Compared to carbon dioxide, the primary cause of climate change, which remains in the atmosphere for centuries, methane lasts for only eight to nine years. But the gas—the main component of natural gas—traps far more heat than CO2. Over a 20-year period, methane holds about 80 times more heat, making it the second leading cause of global warming. It also contributes to ozone pollution at ground level and can cause breathing maladies and other health problems. 

“If you stop putting it in the air, it goes away and so that is our best chance to fight climate change,” said Williams, a retired nurse. 

Shifting from natural gas to renewable energy helps reduce greenhouse emissions at a faster rate and supports the Paris Agreement’s goal of limiting warming to 1.5 degrees Celsius above pre-industrial levels. 

Beyond Methane RVA was born after a climate emergency resolution was unanimously passed by Richmond City Council in September 2021. Over the city’s past two budget cycles, the community organization has encouraged the City Council to take action to reduce greenhouse gas emissions,  such as replacing gas boilers with heat pumps, solar panels and batteries, said Glen Besa, a member of Beyond Methane RVA. 

“We’ve been disappointed with the level of commitment from the city in terms of taking action on climate change, generally and particularly with respect to gas,” Besa said. 

Unable to learn how the city-owned Richmond Gas Works was accounting for gas lost to leaks, the community organization submitted its FOIA requests and discovered in early March 2023 the utility knew about hundreds of leaks in its service region.  

Richmond Gas Works, a division of the city’s Department of Public Utilities, did not respond to  repeated requests for comment. 

Although Richmond Gas Works advertises natural gas as the “cleaner” fossil fuel compared to coal, research shows that the climate benefits from natural gas power plants compared to the newest and most efficient coal plants only when leakage remains below 3.2 percent from a gas well and the pipeline that delivers it to a power plant. Richmond gas had a loss rate of gas by 9.1 percent in 2022, according to the FOIA documents obtained by Beyond Methane RVA.  

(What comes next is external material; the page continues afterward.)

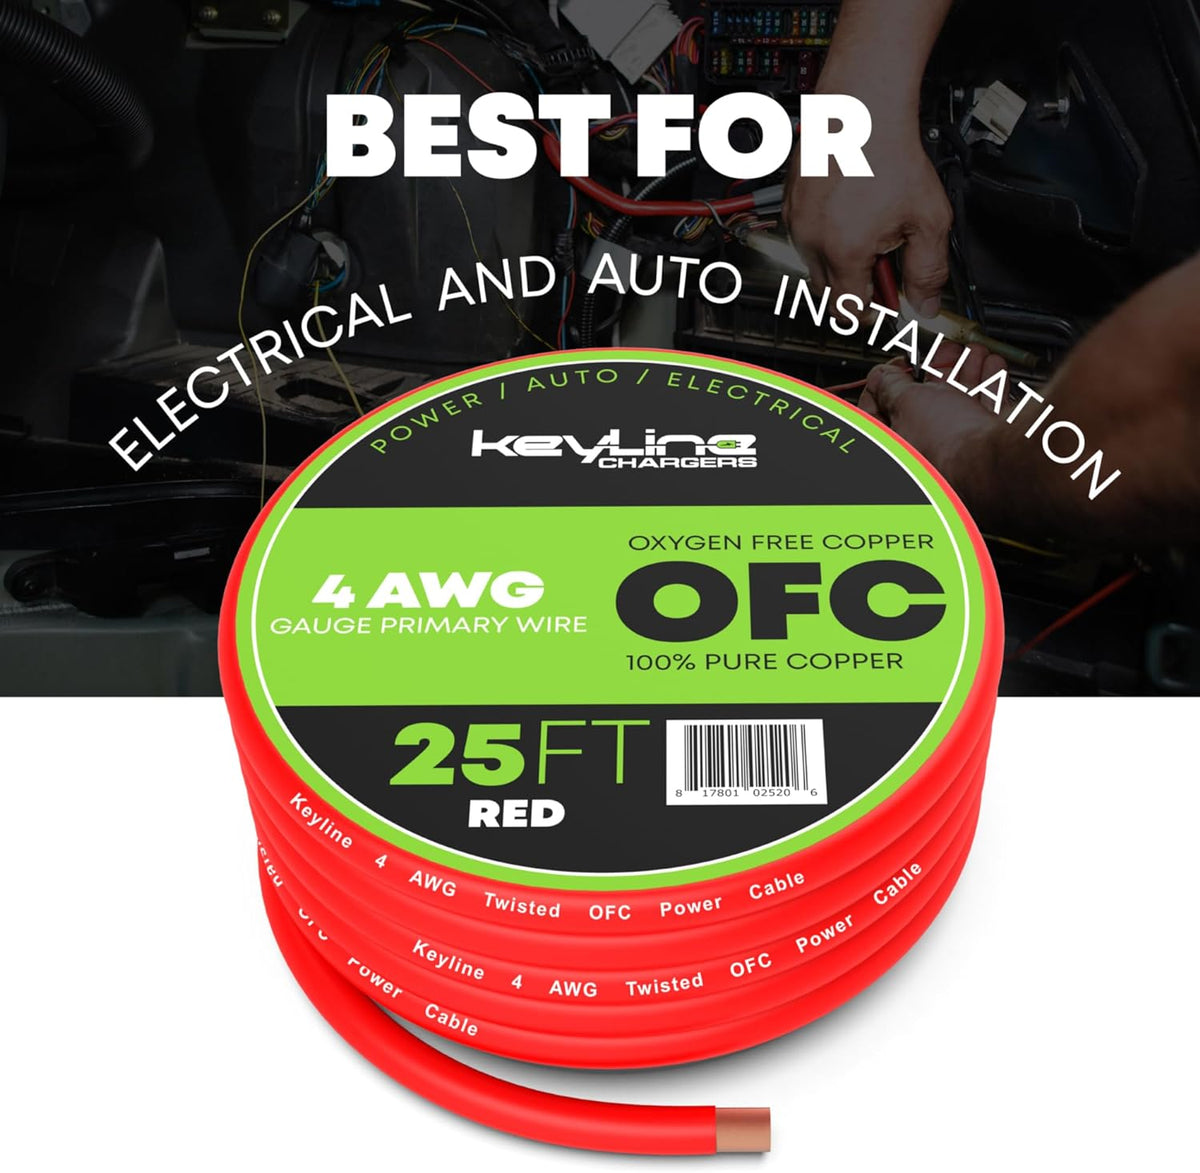 OFC 4 AWG Gauge Wire (25ft) Red | Oxygen Free Copper, Automotive Wire, Power/Ground, Battery Cable, True Spec Welding & Automotive, Car Audio Speaker, RV Trailer, Amp Wiring by Keyline Chargers

FOIA records also showed two-thirds of the gas leaks are occuring in suburban counties served by Richmond Gas Works, meaning residents in those areas are responsible for paying for the costs of lost gas, Beyond Methane RVA volunteer Kevin Cianfarini wrote in an email to Inside Climate News.  

“We’re all essentially shareholders of a gas utility that’s struggling financially just by way of living in Richmond,” Cianfarini wrote. “In contrast, the failure of an investor-owned utility would impose financial harm on investors, not customers and residents.”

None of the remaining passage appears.